Screen-level insights

  • 0:19 title slide introduces Maya Nielan, Anthropic, and the proactive-agent workflow topic.
  • 7:29 terminal demo shows /schedule Once a week review all the new changes merged to main... create a PR to update docs, proving the routine is prompt-driven, not just conceptual.
  • 13:42-14:12 Claude Code Routines web UI shows connected source/docs repos, GitHub/Slack connectors, weekly trigger, and generated multi-step instructions.

Why the visual step matters: it prevents the analysis from treating a polished talk as only words.

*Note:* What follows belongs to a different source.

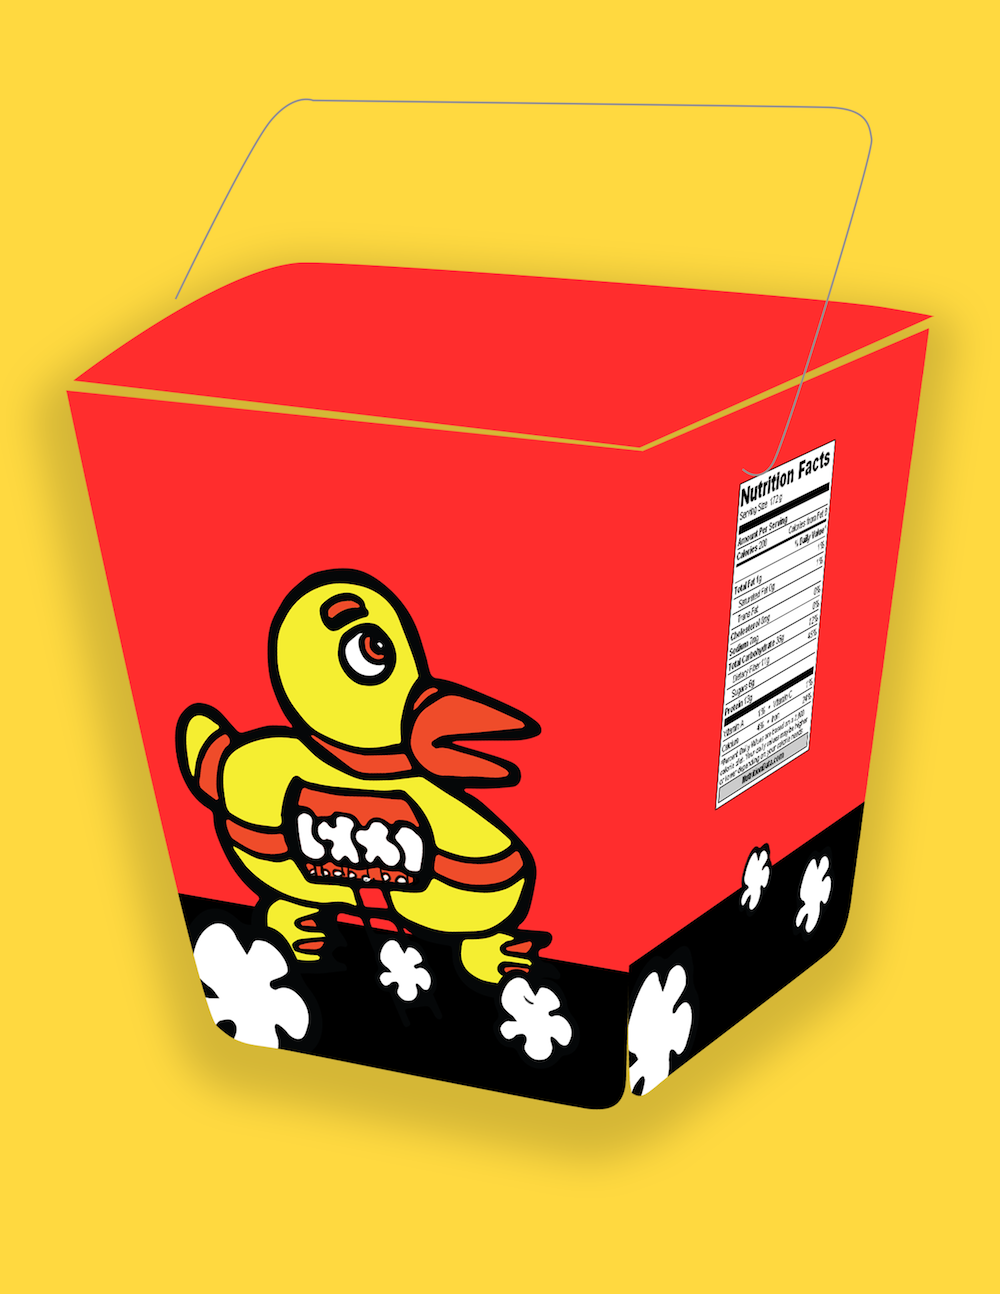 panda-snacks-popcorn_0001_Layer-Comp-2.png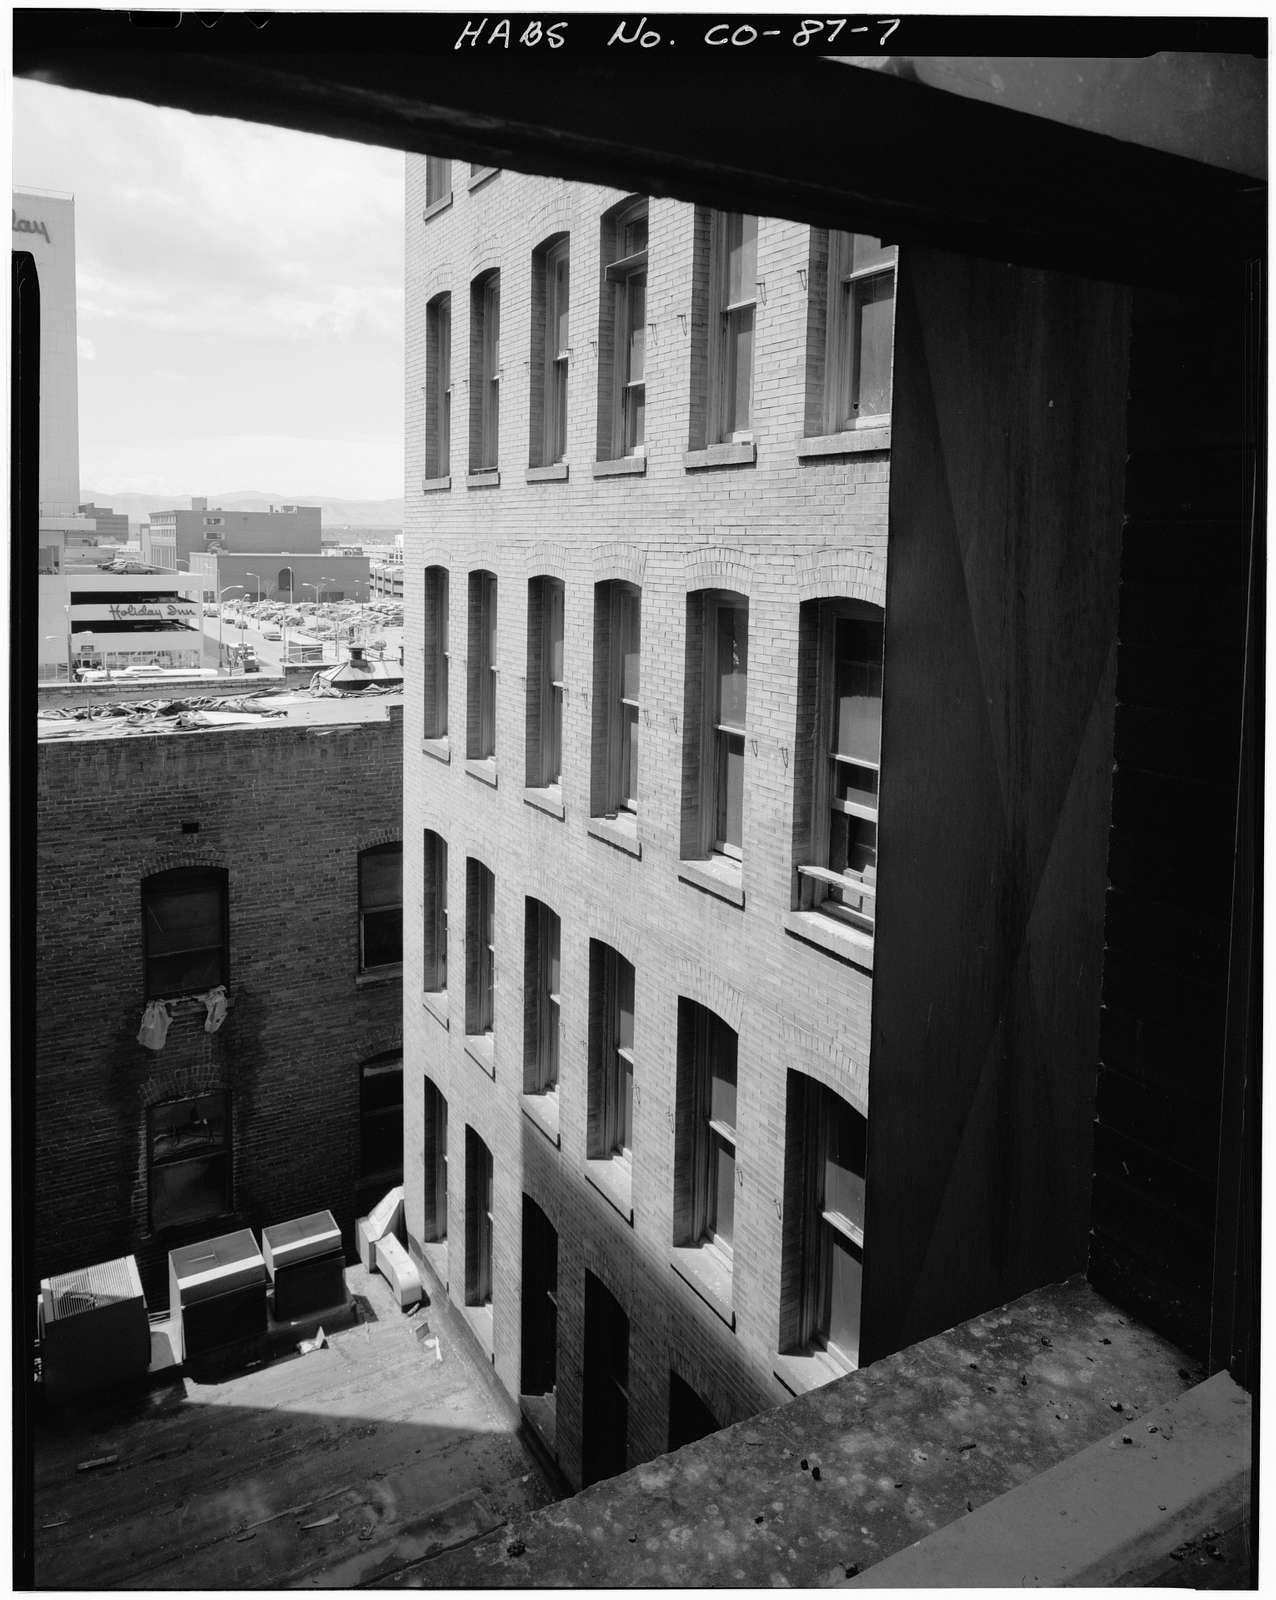 Empire Building, 430 Sixteenth Street, South Corner of Sixteenth Street & Glenarm Place, Denver, Denver County, CO

Frames show whether the speaker demonstrated an actual UI/CLI/workflow, whether claims were backed by concrete configuration, and where the video only provided stage narration rather than product evidence.

My read / why it matters

The practical opportunity is to make agent work inspectable and boring: clear triggers, scoped context, isolated execution, repeatable verification, and concise human review. The risk is mistaking “agent can act” for “agent should act.” Teams that win will build operating systems around agents, not just prompts.

Verification notes

  • Source/evidence audit: Main claims were tied to transcript timestamps, extracted comments, frame observations, and named external sources above. First-party docs were preferred for product capabilities.
  • Transcript/comment/frame fidelity audit: Timestamped moments were taken from the extraction markdown; comment insights are explicitly marked as weak where comments were sparse; screen claims are limited to visible UI/text and nearby transcript.
  • Hallucination/overclaim audit: Verdicts distinguish demo/internal claims from independently verified facts. Organization-wide productivity claims are marked mixed unless supported beyond the video.
  • Actionable Insights audit: Top bullets were rewritten as executable workflows with first steps, tools/links, evaluation criteria, and cautions. Residual uncertainty remains around fast-changing Claude Code feature availability and any private/internal metrics presented in talks.